It has, I trust, been already demonstrated by his Letters and Journals, and by the remarks that have accompanied them, that ardent as was his devotion to his pursuit, it did not so wholly engross his mind, as to leave it unfitted for watchfulness over his moral, as well as his intellectual advancement. From his earliest days of apprenticeship to the Art, his ambition to acquire renown as a painter was never stronger than his desire to preserve uprightness as a man. This guiding principle of his character cannot be too strongly impressed upon those, who are as yet but setting out on the toilsome journey from the porch to the penetralia of Art; for it offers to them, not a circumstance of biographical interest only, but a practical example and encouragement as well. If the circumstances attending the progress of the subject of these pages through the difficulties of his early career be generally reviewed, it will be found that he triumphed over none of the obstacles that beset him by the aid of his genius alone, but by the additional strength and elevation acquired by those higher qualities of personal character which it was his life’s aim to form, and which shielded his intellectual powers against the bitterest enemies that could assail them, — poverty and neglect. His religious dependence on the saving influence of a right performance of his practical duties, as aiding to produce a happy result from his intellectual exertions, never abandoned, because it never deceived him. It nerved his mind to labour on, when distress sank heavy on his household, and his experience of his neglected efforts might well have bid him despair; its effect on his outward bearing and character raised up for him a friend in his extremity, in the person of Sir Thomas Heathcote: its influence preserved his genius, which it had sustained to success, from over-confidence; and strengthening it in its humility, matured it safely in the final completeness to which it was its privilege to attain: and, lastly, as inclining him to receive cordially the opinions of others, it raised him in the esteem of his professional brethren; and, as constantly presiding over the production of his works, in the honest elabouration of their design and execution, and in the conscientious equality of attention given to their slightest as to their most important divisions, it preserved his faculties throughout his career from the danger of being weakened by carelessness, or misdirected by caprice.
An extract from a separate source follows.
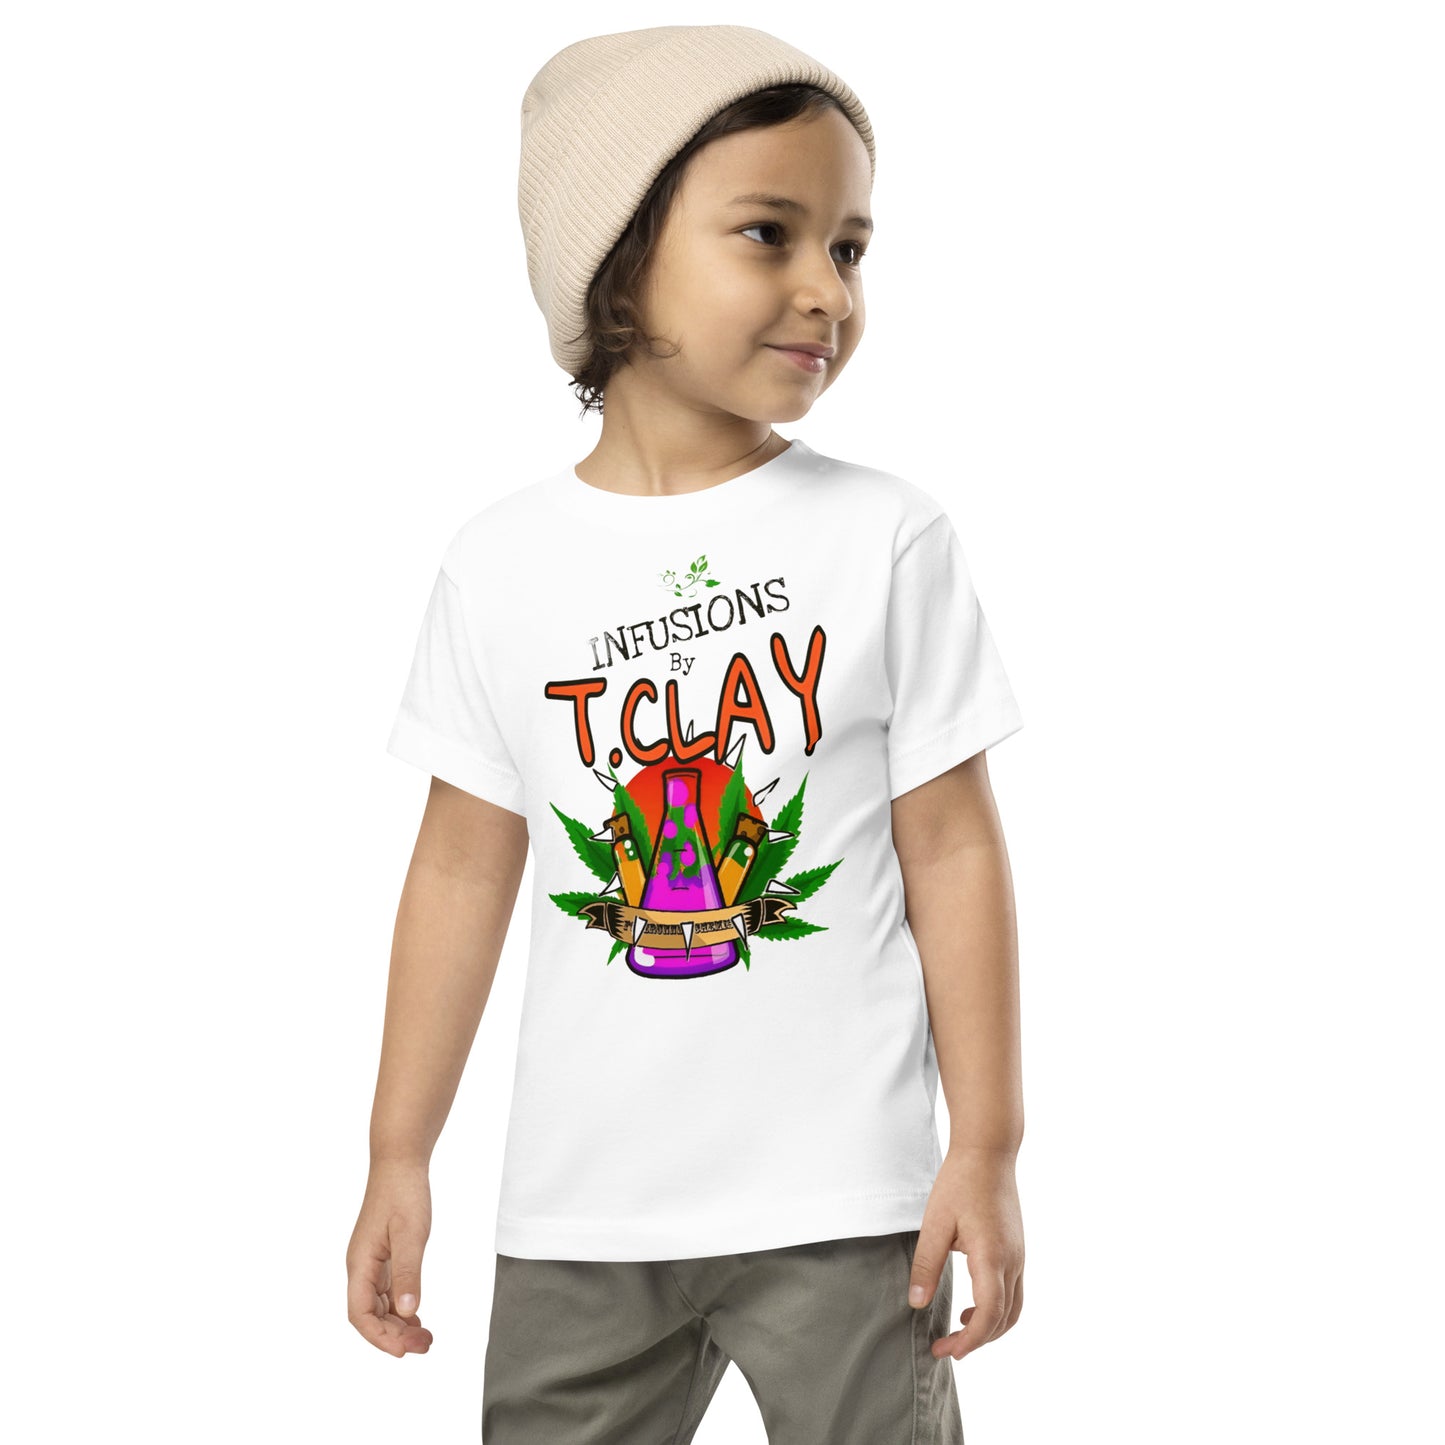 "INFUSIONS by T. Clay logo" Toddler Tee
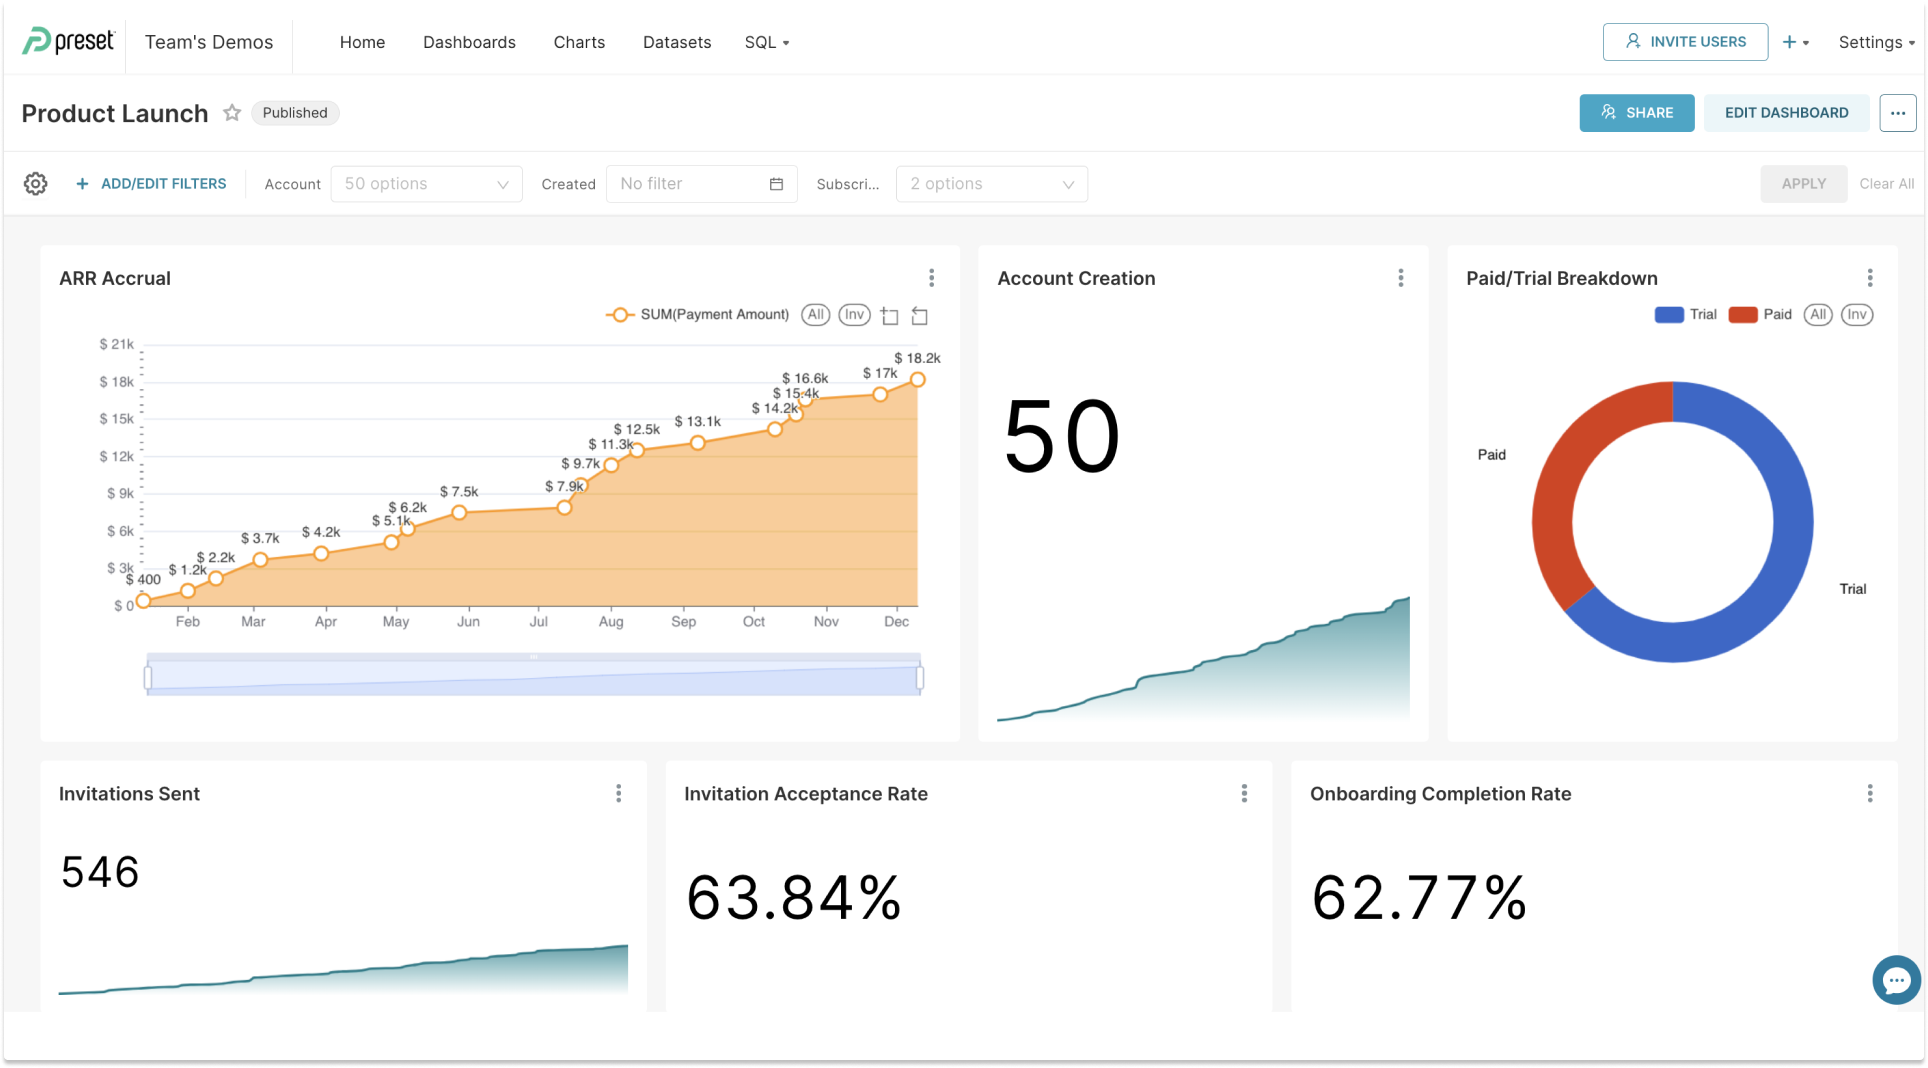 Product Lunch Dashboard

These remarks may appear to delay unnecessarily the progress of this Memoir, but they are suggested by the great truth which the career of Mr. Collins illustrates, — that the powers of the mind, however brilliant, are never too elevated to be aided by the moral virtues of the character; and that between the aims of the intellect and the discipline of the disposition, it is intended that there should exist an all-important connexion, which the pride of genius may easily sever, but which the necessities of genius are never enabled to spare.
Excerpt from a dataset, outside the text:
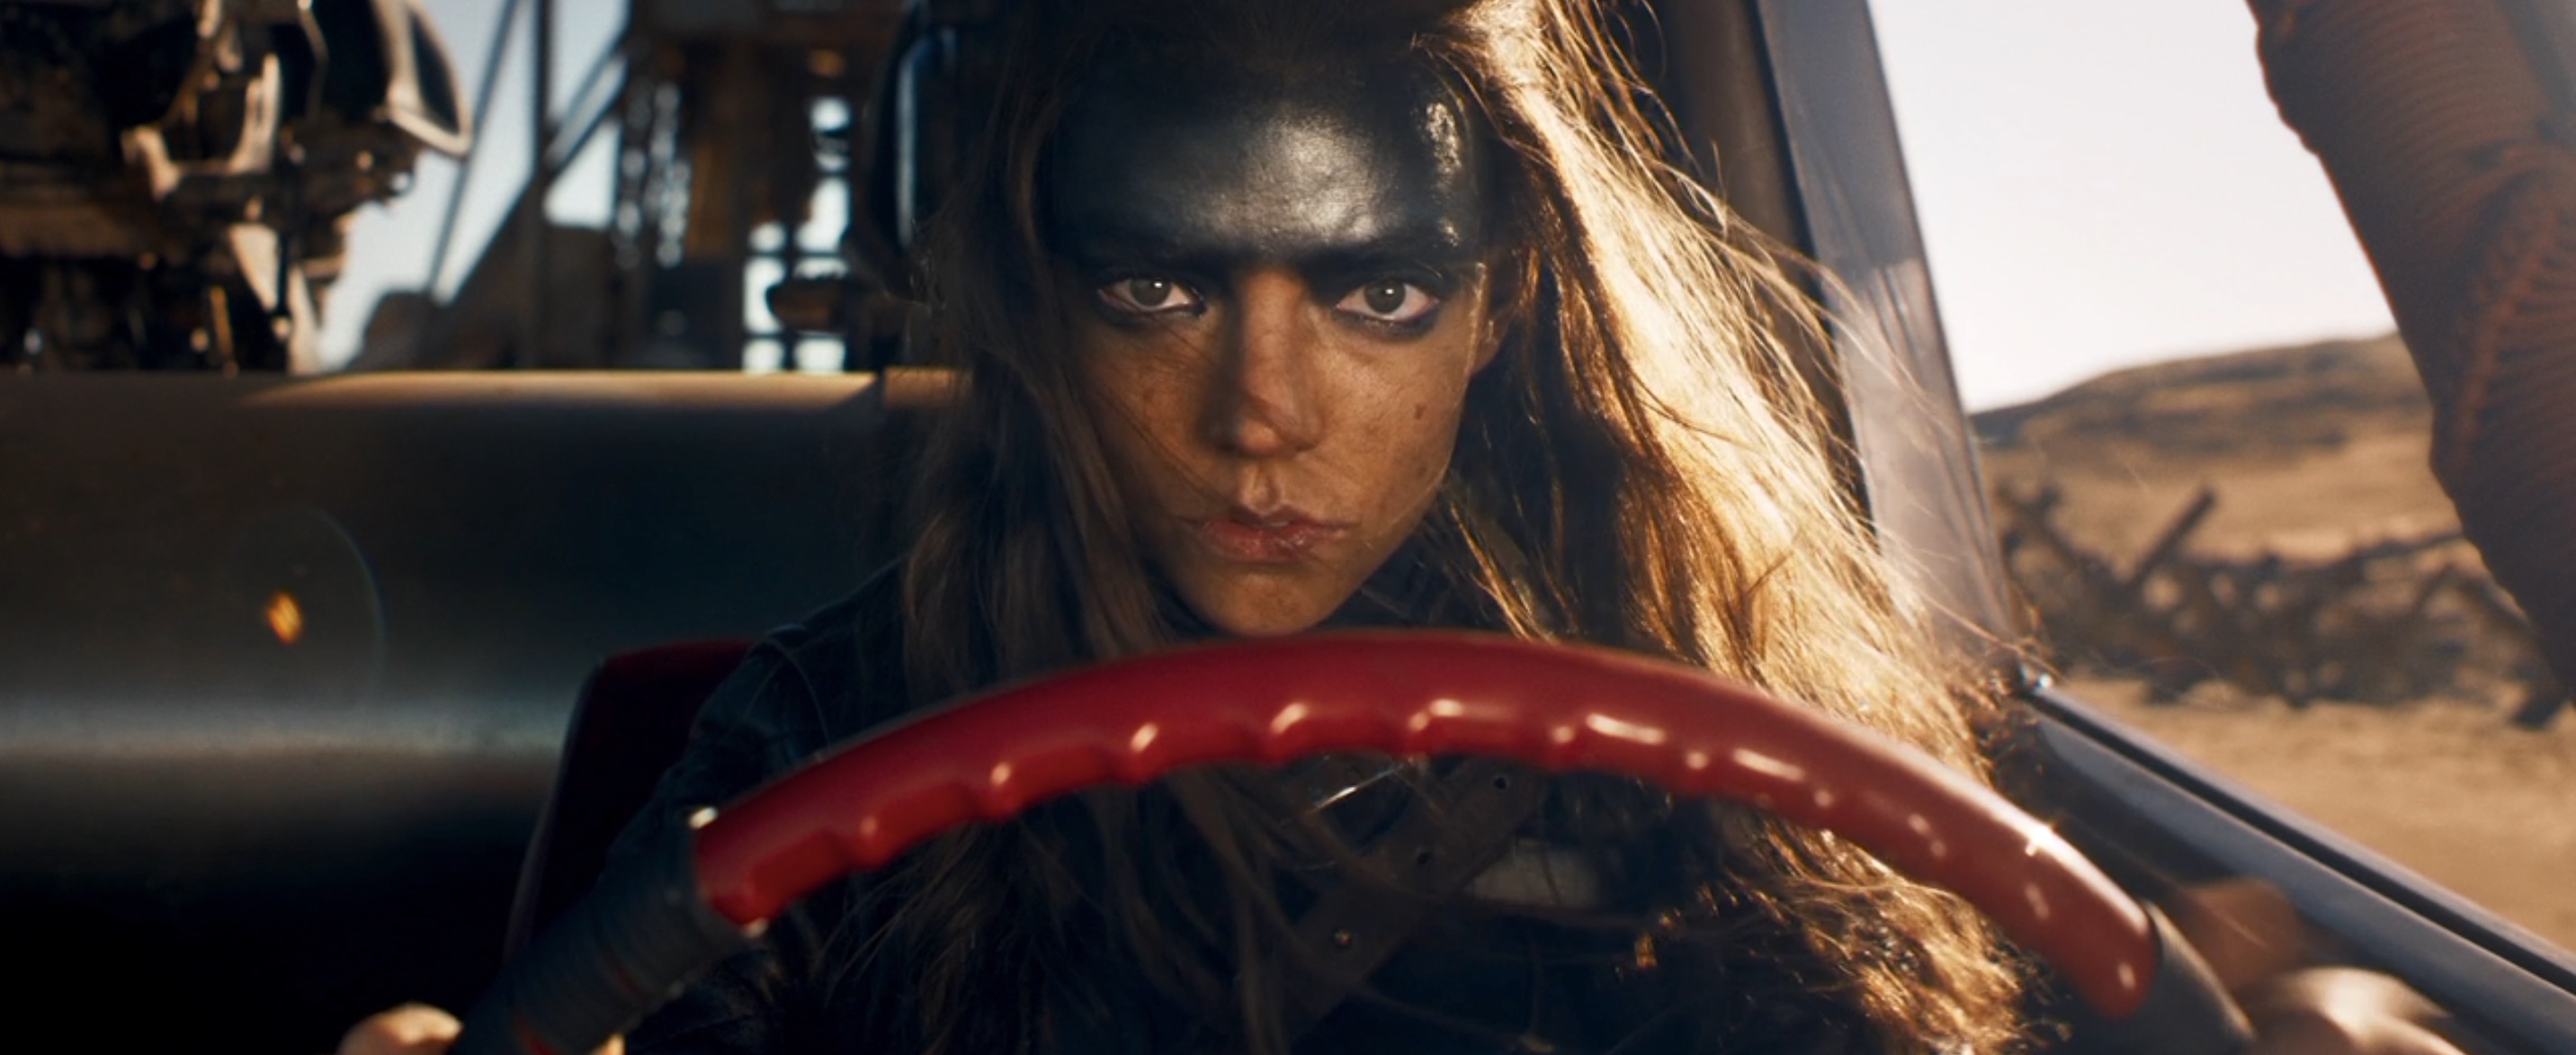 Furiosa (Anya Taylor-Joy), forehead smeared with greasepaint, drives the war rig in George Miller’s Furiosa

On now returning to the regular course of the narrative, my father’s pictures contributed to the Academy Exhibition of 1820 first claim attention. They were; “Portraits of Master Cecil and Miss Fanny Boothby,” painted for the Earl of Liverpool; “A Capstern at work, drawing up Fishing Boats;” and “A River Scene — Cottage Girl buying Fish.” In compliance with the rule of the Academy, that each Academician shall, on his election, present the institution with a specimen of his talents, he also painted this year what is called the “diploma picture.” This work displays an extraordinary combination of deep tone and agreeable breadth, with minuteness, incident, and detail. It simply represents two boys fishing; but the water and foliage in the foreground, and the expression and position of the figures, with the village and trees in the distance, are all painted with that skill, industry, and nature, which give to subjects of this description a peculiar importance and charm. This picture was one of those exhibited after the painter’s death at the British Institution, among the works of the old masters. In reference to his other productions this year publicly displayed on the Academy walls, it may not be uninteresting to observe, that the “River Scene,” for which he received a hundred and fifty guineas, produced at the sale of its possessor’s property, (the late Mrs. Hand,) two hundred and thirty guineas. It was a tranquil inland scene, the first fruit of his journey to Devonshire, delicately treated, and wrought to a high degree of finish. The “Cottage Girl” stands with a child, bargaining with a fisherman, on a wooden jetty at the left hand side of the picture. At the right, fishing boats are moored in the river, which winds onward past hill, village, and wood, until it is lost in the distance. Of the sea-piece, (“Capstern at work, etc.,) painted for Sir Thomas Heathcote, and much admired at the time as a new success for the painter in his most popular style, I am not enabled to furnish a particular description. These pictures are thus noticed in my father’s Journals:
“14th Dec., 1819. — I began a coast scene, with fishermen hauling up boats, etc., for Sir Thomas Heathcote. Painted upon this picture until the first of January, when I went to Lord Liverpool’s at Coombe Wood, for a few days. Returned on the 5th, and, from the 6th to the 28th, again employed on it, when I began a picture of the same size for Mrs. Hand. Sir Thomas Heathcote’s picture is painted in linseed oil and turpentine, and macguilph made of the shook-up drying oil and mastic varnish, with gold size, in the slow dryers. Chrome yellow and orange, (Field’s,) and cobalt, (French,) used occasionally. * * * Painted upon Sir Thomas Heathcote’s picture until the 8th February, when I took up Mrs. Hand’s, upon which and the sketch I had occasionally spent a few days, both during the progress of Sir Thomas’s commission, and frequently before I began it. Mrs. Hand’s picture was finished on the 3rd of April; upon this I worked more diligently than usual, though by no means so industriously as I ought to have done. This picture is painted, in all respects, with the same material as Sir Thomas Heathcote’s, excepting the use of chromes; of the yellow chrome I believe hardly a touch, and very little indeed of the orange chrome, (Field’s,) and that mixed with other colours.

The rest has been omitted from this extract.